A number of concerns have been raised in the popular media about the safety of soy, especially about fertility, thyroid function, and nutrient absorption. Any health risks associated with eating traditional soy foods as a modest part of the diet appear extremely minimal. Here’s a quick review:
Breast Cancer Risk: Eating soy in normal dietary amounts does not appear to increase the risk of breast cancer in any populations, in any study. More likely than not, it has some protective effects. But if it worries you, don’t eat it. Remember, many plant-based foods contain similar phytoestrogens.
Fertility: There has been no evidence of decreased fertility in women or men consuming traditional dietary amounts of soy. No feminizing effects have been seen in men consuming normal amounts of soy foods.
Soy and Thyroid Problems: A review of the literature demonstrates that women with normal thyroid function and normal dietary iodine intakes are not at risk for developing thyroid problems. Even eaten up to 3 times/week in pregnancy, it does not affect thyroid function in otherwise healthy women. Make sure you are getting enough iodine in your diet through iodized salt, seaweeds, or your vitamin supplement. If you do have thyroid problems, soy may not be for you. If you are on thyroid medication, your doctor may need to adjust the dose if you supplement with soy foods, as soy can interfere with the medication’s activity.
Soy allergy: Soy is a common food allergen. If you are allergic – or even sensitive (you have digestive or other symptoms after you eat it) — avoid it, or work with your primacy doctor to see if an elimination diet with later re-introduction is a possibility. Organic, non-GMO soy may be less allergenic.
Interference with Nutrient Absorption: Phytic acid is found within the hulls of nuts, seeds, grains, and beans, including soy. It is an indigestible form of phosphorous that can bind to and interfere with mineral absorption. Phytates are reduced somewhat by cooking, and when consumed in normal dietary amounts in those with an adequate nutritional status, should pose no problems with nutrient absorption. Soy has not been shown to interfere with normal growth. Lactobacilli and other organisms in probiotics contain phytase, which help to break down phytates in the intestine.
Is Soy a Necessary Part of a Vegetarian or Vegan Diet?
Soy is absolutely not an essential ingredient in your diet.
If you feel the jury is out on soy safety, feel free to pass the plate. There are many other excellent vegetarian sources of protein and calcium, particularly other beans and legumes, nuts and seeds, and green leafy vegetables that will adequately meet your nutritional needs. The hormonally beneficial plant compounds found in soy are also found in a variety of beans and leafy green vegetables – eat a wide array of these daily for optimal health.

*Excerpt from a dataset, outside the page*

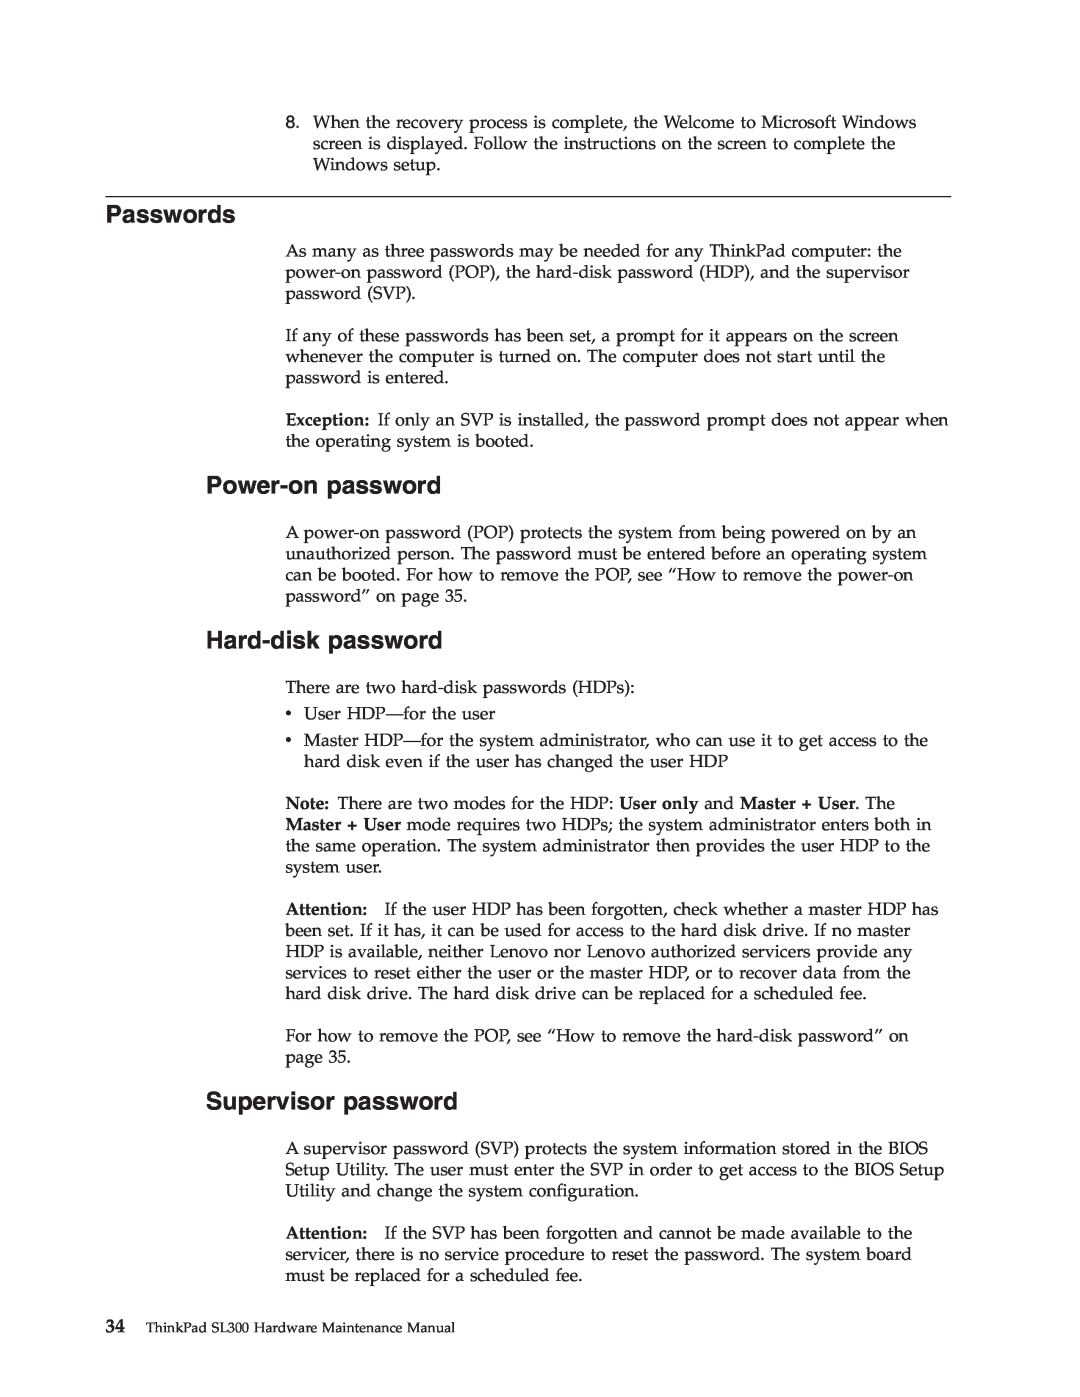 Lenovo SL300 manual Passwords, Power-on password, Hard-disk password, Supervisor password

SUMMARY: Soy and Women’s Health in a Nutshell
- Eat only organic, non-GMO, traditional soy foods, particularly fermented forms (soy milk may be an exception as a “medical food” for symptom control during the perimenopause), as a small part of an overall healthy, plant-based diet.
- Eat soy, in moderation, as a small part of an overall healthy, plant-based diet. Soy should only be a complement to your diet, not a mainstay. I generally recommend a maximum of 2-3 servings/week. Emphasize other high quality protein sources for healthy variety in your diet.
- Completely avoid “Frankensoy” products.
- If you have thyroid problems, or are on thyroid replacement medication, work with your doctor to monitor your levels if you eat soy regularly (> 1 x/week).
- Make sure to get adequate dietary or supplemental iodine if you eat soy regularly.